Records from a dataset
···
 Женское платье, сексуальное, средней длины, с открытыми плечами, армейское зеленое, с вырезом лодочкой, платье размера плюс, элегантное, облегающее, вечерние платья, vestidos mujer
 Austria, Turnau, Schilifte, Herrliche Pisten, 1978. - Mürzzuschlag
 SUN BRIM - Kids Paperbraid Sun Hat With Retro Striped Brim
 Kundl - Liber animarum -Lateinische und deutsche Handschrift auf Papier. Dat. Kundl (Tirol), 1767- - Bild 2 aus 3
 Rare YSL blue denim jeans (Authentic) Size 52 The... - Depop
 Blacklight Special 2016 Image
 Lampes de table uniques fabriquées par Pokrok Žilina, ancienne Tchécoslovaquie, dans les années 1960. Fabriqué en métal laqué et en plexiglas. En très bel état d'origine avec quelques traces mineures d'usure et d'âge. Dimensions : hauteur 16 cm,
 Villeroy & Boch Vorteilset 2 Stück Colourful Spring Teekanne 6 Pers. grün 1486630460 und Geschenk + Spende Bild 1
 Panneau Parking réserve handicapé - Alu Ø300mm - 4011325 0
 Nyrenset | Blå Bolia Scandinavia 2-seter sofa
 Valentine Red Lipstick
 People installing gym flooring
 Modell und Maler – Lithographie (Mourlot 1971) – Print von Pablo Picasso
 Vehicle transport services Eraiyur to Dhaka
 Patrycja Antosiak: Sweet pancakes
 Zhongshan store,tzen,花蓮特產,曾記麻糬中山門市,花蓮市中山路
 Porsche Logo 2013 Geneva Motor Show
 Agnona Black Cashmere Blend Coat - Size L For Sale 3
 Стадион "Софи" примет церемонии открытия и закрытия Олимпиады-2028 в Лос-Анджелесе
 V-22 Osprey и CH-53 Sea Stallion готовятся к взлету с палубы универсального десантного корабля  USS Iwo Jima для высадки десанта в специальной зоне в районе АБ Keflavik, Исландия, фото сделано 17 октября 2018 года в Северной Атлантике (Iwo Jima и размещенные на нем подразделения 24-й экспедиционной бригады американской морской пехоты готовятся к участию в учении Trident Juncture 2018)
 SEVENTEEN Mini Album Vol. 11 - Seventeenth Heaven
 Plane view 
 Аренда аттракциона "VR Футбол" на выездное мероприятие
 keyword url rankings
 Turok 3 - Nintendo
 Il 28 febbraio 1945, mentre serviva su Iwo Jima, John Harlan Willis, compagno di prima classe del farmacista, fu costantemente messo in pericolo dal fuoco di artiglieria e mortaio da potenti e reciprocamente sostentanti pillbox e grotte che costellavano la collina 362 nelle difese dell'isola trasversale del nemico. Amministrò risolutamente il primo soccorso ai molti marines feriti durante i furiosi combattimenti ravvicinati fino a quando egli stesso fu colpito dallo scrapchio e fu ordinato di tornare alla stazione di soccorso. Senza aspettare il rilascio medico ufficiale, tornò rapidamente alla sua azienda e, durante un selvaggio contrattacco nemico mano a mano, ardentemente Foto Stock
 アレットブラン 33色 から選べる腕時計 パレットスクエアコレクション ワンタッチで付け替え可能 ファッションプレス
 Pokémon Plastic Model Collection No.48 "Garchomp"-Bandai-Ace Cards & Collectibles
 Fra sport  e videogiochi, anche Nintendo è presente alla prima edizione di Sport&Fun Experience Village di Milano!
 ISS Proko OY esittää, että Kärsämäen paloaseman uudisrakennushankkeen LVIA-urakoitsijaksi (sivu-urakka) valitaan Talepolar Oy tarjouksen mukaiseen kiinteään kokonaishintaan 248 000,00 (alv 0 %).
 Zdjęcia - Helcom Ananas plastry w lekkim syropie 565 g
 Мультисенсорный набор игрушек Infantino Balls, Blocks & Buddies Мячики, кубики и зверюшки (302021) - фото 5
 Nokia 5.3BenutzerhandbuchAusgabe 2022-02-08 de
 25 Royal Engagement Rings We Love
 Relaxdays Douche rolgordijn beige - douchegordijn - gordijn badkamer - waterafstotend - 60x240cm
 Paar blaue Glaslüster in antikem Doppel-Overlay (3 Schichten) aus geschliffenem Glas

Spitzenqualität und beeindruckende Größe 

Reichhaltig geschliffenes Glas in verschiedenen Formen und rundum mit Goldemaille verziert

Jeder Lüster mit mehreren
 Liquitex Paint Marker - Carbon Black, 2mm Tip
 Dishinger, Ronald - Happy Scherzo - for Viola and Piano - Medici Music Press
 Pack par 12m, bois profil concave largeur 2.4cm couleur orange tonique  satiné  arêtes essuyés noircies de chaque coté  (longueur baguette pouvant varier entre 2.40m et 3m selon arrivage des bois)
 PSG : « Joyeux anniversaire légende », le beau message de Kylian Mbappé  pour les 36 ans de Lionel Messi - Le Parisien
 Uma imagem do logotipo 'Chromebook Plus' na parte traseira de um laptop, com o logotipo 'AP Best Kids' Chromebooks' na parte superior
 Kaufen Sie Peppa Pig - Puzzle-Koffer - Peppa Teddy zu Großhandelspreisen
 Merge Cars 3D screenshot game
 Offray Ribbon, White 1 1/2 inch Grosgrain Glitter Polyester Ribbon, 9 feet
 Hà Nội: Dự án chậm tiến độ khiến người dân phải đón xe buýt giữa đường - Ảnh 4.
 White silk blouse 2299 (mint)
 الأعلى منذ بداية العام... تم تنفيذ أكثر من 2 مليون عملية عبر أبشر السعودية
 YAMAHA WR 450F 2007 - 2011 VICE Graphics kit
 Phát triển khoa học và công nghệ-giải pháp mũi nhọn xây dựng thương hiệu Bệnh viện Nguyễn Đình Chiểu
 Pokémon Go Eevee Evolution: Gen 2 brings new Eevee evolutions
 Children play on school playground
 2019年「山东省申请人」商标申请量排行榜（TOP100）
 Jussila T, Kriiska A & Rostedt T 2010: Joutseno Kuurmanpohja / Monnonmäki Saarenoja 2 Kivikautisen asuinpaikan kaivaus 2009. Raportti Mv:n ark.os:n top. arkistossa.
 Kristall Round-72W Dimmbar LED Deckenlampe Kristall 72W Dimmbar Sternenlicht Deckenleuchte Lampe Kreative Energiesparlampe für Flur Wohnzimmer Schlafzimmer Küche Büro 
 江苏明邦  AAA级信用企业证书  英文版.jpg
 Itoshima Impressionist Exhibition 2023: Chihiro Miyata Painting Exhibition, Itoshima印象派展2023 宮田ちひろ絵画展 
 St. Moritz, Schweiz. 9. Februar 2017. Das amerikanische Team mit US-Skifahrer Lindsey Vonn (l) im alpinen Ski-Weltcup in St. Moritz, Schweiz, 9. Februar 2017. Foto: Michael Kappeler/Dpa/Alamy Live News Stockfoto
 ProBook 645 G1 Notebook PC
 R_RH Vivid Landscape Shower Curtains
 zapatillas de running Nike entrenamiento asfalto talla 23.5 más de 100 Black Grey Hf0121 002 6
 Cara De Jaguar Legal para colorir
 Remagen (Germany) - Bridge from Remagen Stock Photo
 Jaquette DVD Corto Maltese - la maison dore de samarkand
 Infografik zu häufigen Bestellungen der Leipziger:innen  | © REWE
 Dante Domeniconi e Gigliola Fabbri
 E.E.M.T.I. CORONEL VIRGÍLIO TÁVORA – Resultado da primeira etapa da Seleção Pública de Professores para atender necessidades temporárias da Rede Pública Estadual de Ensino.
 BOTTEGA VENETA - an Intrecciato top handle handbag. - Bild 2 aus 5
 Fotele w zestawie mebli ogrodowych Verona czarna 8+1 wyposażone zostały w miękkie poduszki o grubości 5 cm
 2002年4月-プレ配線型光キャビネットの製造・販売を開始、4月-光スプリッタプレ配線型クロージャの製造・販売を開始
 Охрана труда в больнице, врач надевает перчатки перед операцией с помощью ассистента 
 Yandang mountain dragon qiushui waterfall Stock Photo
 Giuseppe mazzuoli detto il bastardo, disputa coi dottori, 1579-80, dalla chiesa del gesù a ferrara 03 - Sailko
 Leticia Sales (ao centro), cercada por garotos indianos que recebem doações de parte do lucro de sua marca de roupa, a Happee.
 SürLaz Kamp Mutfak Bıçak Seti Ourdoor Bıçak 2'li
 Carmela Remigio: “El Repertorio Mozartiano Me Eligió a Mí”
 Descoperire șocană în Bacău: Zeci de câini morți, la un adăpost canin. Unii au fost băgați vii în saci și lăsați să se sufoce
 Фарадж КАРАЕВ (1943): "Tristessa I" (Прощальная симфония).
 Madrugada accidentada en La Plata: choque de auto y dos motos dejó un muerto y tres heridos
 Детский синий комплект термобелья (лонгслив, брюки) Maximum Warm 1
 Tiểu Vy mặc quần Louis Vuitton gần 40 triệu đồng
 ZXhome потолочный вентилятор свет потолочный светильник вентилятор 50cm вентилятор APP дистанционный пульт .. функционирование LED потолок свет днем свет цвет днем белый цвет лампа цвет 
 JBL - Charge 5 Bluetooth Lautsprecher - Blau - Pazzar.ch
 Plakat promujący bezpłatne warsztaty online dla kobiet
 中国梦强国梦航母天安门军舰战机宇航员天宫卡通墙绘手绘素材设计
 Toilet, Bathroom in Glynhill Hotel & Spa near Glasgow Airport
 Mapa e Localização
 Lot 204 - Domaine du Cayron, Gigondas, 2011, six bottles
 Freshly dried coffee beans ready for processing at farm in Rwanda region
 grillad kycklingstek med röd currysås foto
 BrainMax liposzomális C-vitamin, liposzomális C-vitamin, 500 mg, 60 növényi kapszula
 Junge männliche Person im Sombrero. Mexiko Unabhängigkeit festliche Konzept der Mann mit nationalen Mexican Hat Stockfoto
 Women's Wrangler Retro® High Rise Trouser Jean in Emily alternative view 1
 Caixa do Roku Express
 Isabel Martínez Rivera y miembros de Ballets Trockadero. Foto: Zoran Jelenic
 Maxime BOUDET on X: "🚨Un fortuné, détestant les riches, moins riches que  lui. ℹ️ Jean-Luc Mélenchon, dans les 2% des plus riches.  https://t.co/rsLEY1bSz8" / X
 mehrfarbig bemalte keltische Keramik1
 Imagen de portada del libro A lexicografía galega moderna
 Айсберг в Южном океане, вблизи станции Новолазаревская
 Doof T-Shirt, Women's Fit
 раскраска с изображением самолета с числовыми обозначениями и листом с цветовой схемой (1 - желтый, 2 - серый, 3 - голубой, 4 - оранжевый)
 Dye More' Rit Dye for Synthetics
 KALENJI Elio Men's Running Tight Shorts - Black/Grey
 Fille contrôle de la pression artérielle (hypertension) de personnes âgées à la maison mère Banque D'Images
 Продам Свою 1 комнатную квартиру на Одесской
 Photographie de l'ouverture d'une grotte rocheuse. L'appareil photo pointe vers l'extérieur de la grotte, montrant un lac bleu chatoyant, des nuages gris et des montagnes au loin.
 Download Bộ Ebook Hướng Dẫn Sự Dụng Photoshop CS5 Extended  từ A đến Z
···
What you need to do
Return, word for word, the lines of the data above from the line with "White silk blouse 2299 (mint)" through the line with "2019年「山东省申请人」商标申请量排行榜（TOP100）", inclusive.

Answer space
 White silk blouse 2299 (mint)
 الأعلى منذ بداية العام... تم تنفيذ أكثر من 2 مليون عملية عبر أبشر السعودية
 YAMAHA WR 450F 2007 - 2011 VICE Graphics kit
 Phát triển khoa học và công nghệ-giải pháp mũi nhọn xây dựng thương hiệu Bệnh viện Nguyễn Đình Chiểu
 Pokémon Go Eevee Evolution: Gen 2 brings new Eevee evolutions
 Children play on school playground
 2019年「山东省申请人」商标申请量排行榜（TOP100）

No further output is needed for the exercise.